Some anniversaries need to be marked, not as celebrations, but as reminders of the inhumanity that humankind is capable of.

A photo of the brick buildings of Auschwitz concentration camp in Poland, surrounded by high barbed wire fencing.
Auschwtiz-Birkenau, Poland
Credit: Jean Carlo Emer on Unsplash
Published On: January 31, 2020

I was at a congregation’s anniversary service last Sunday. It was a happy occasion with good preaching and special music during worship, and a turkey dinner the night before. It is good to celebrate anniversaries and birthdays. It is good to remember all that we are grateful for in the life of a community or an individual.

Some anniversaries need to be marked, not as celebrations, but as reminders of the inhumanity that humankind is capable of.

This week marked 75 years since the liberation of the concentration camp Auschwitz-Birkenau. World leaders, including Canada’s Governor General, gathered in Jerusalem to mark the occasion, and to remember something that must never be forgotten.

I found myself remembering our visit to Yad Vashem, the World Holocaust Remembrance Center, on a trip to Jerusalem a few years ago. Our guide, knowing that we were a church group, made a point of telling us about some of the Nazis responsible for the death camps who professed to be Christians. I am still haunted by that, unable to make any sense of it.

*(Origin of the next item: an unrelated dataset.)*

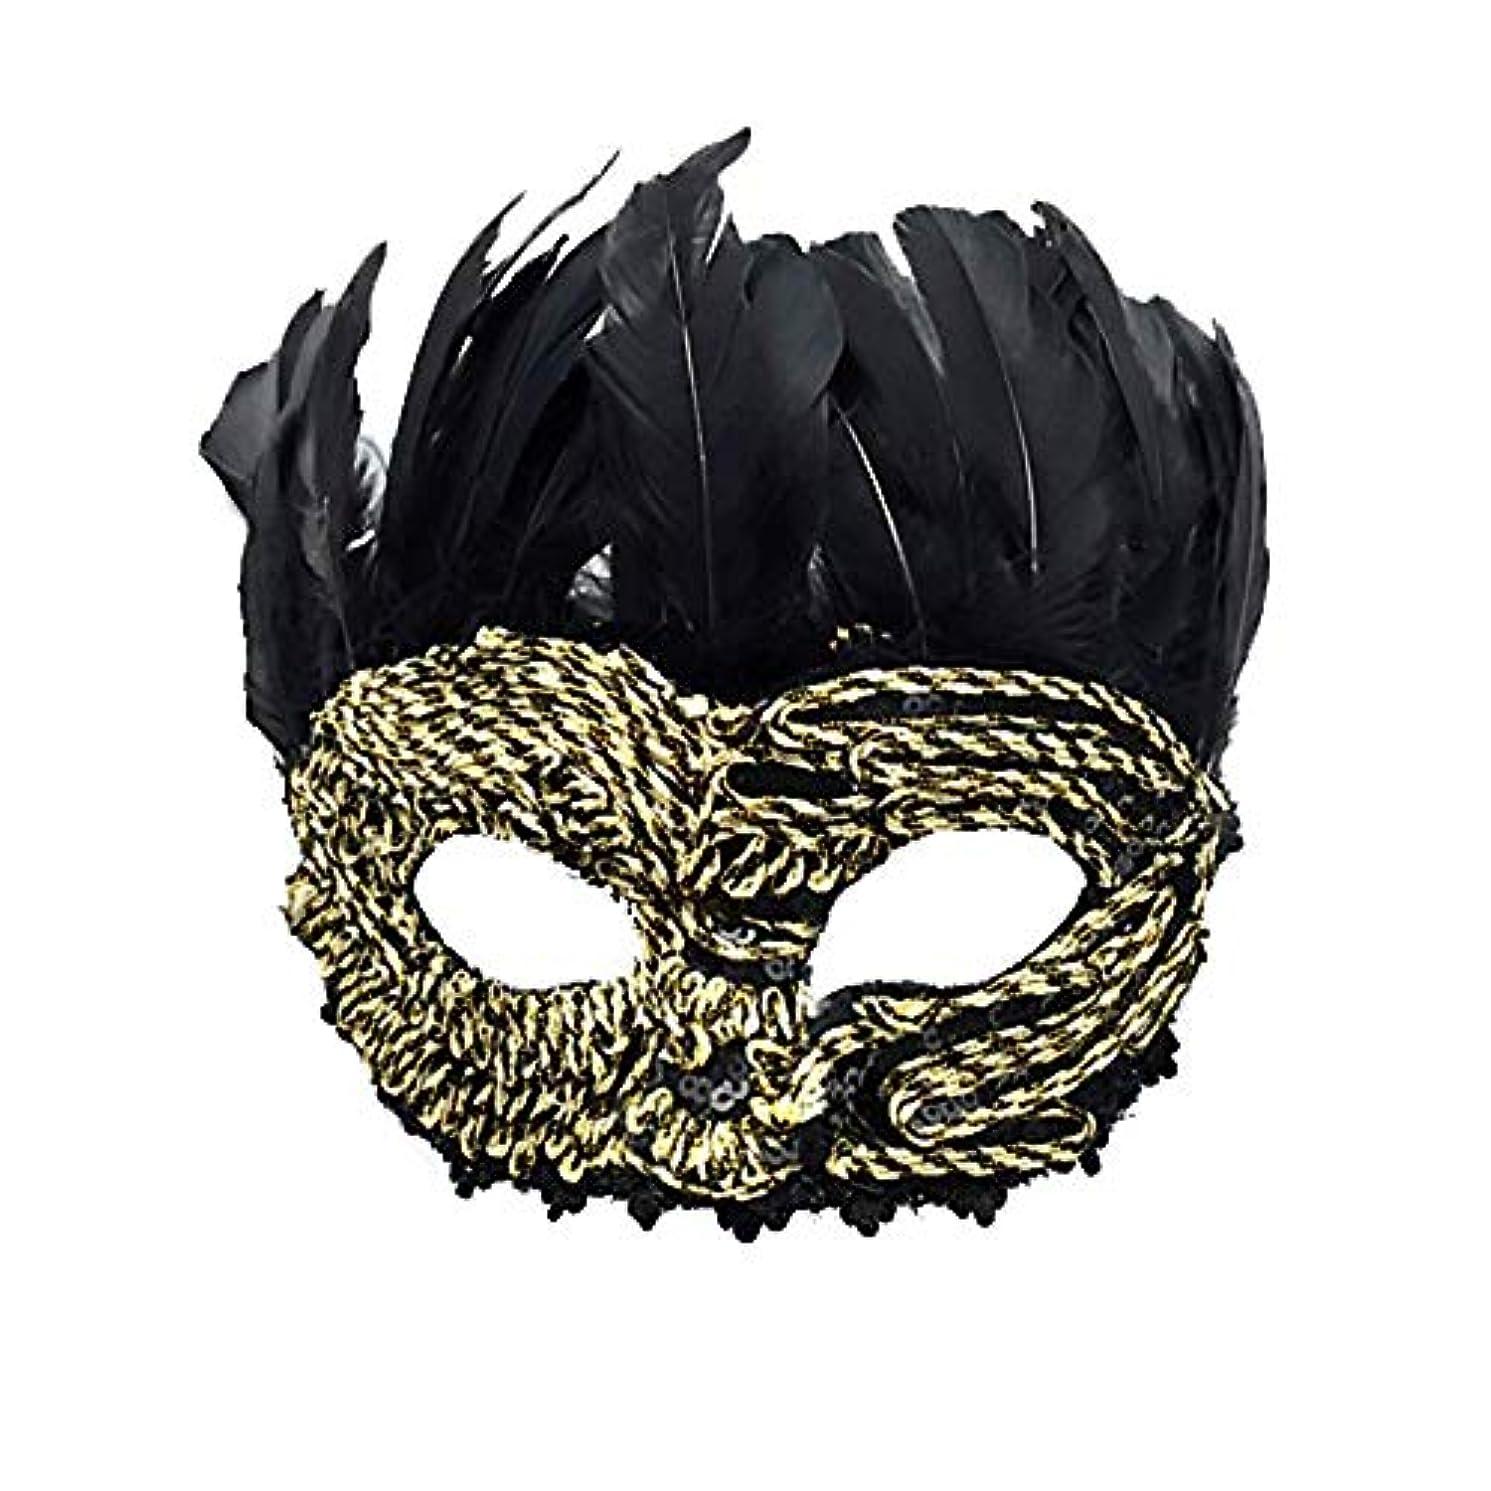 ボーダー成長する砂漠Nanle ハロウィーンクリスマスレースフェザースパンコール刺繍マスク仮装マスクレディーメンズミスプリンセス美容祭パーティーデコレーションマスク(カップルモデル) (色 : Style B)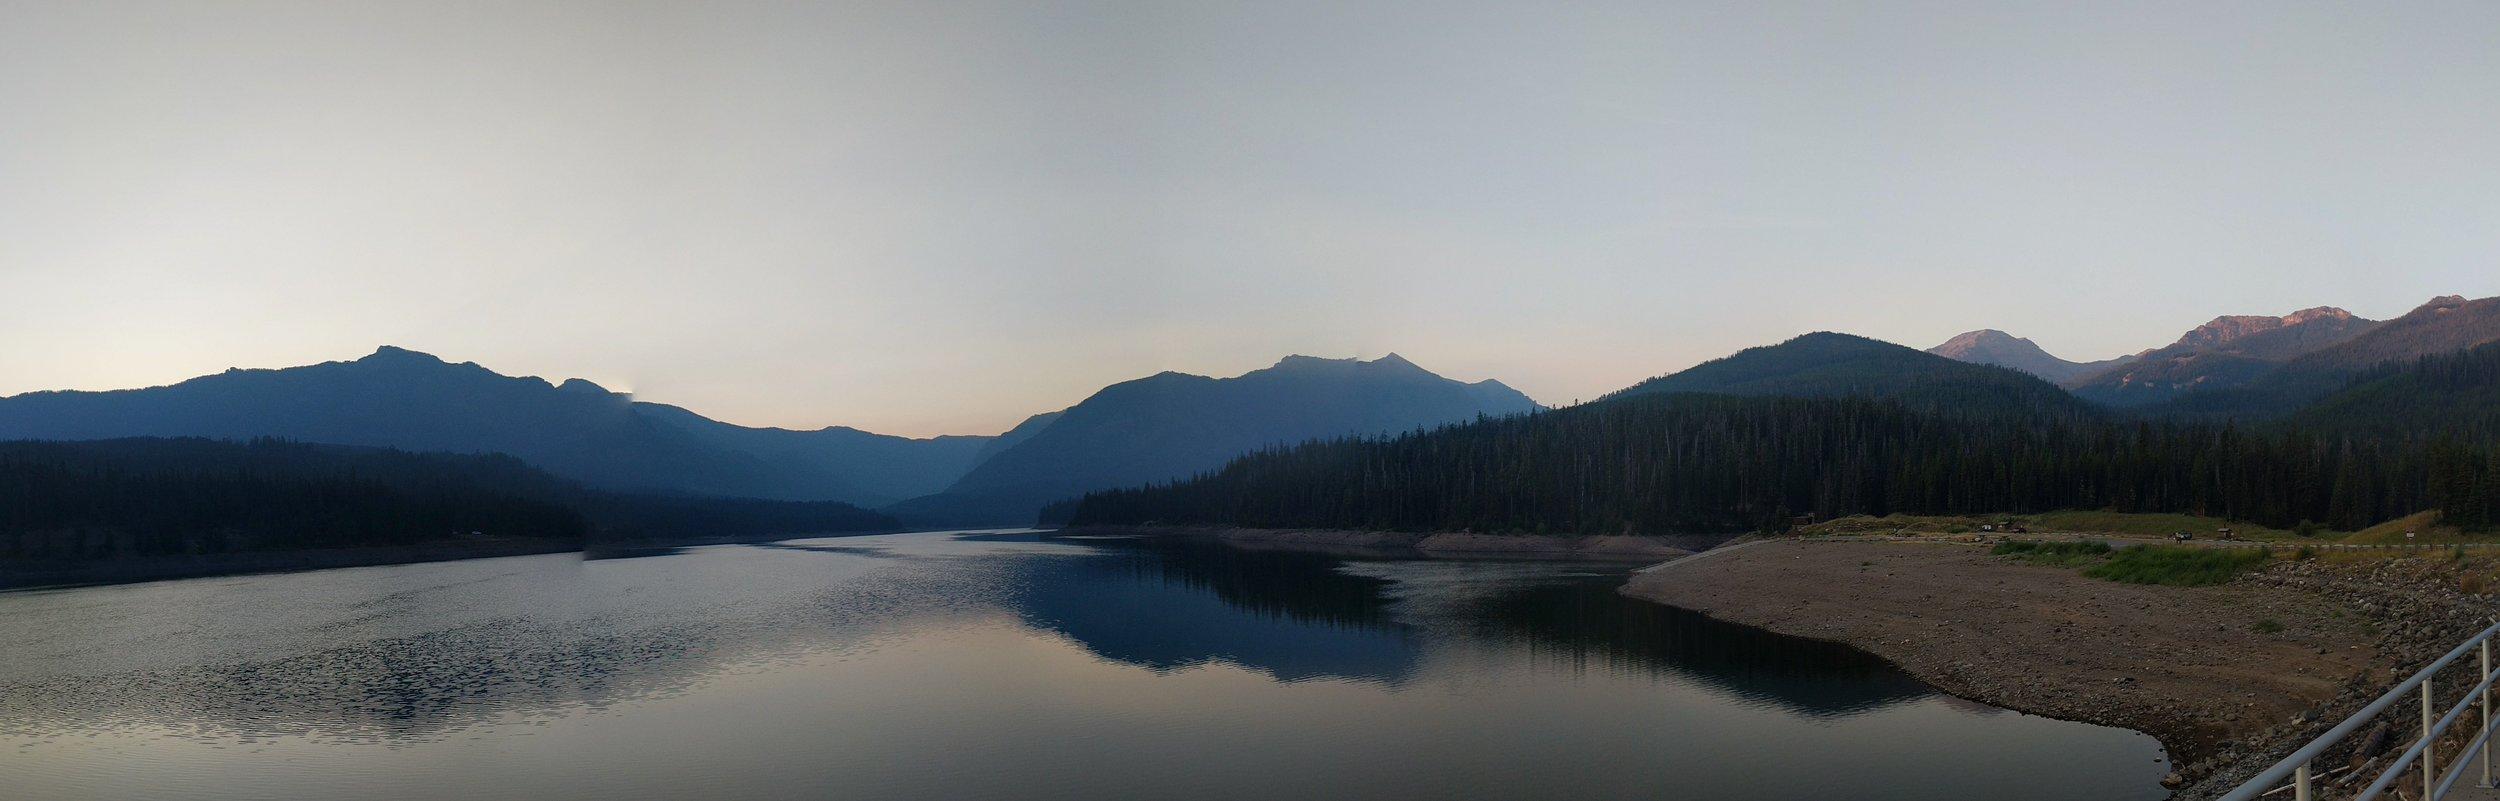 Hyalite Reservoir, just before dawn

The horrible anniversary was also marked this week by visits to the former camp at Auschwitz by some of those who were prisoners there. Those still living were children at the time, children who were separated from their families, children who somehow survived when their parents, siblings, grandparents, cousins—in many cases their whole families—died. Some died through mass executions, some from starvation, others from disease. Media coverage of some of the survivors who are Canadians showed elderly hands holding long preserved pictures of murdered family members, and numbers tattooed on fragile forearms.

One article I read, by the child of Holocaust survivors, told of how they never spoke of their experiences. Ever. Life continued on, and new lives were built, yet some level of disquiet—of fear—was always there, and is still there for the next generation.

In hearing of such things, I know that I can never fully comprehend the experiences and the pain. What I can do is accept the need to honour the suffering, and all suffering that has been and still is, wrought by human beings against one another.

Facing things so terrible and confusing, I share these words of hope from A Song of Faith:

We place our hope in God.
We sing of a life beyond life
and a future good beyond imagining:
a new heaven and a new earth,
the end of sorrow, pain, and tears…


Blessings,

Nora

 — Nora Sanders is General Secretary of The United Church of Canada.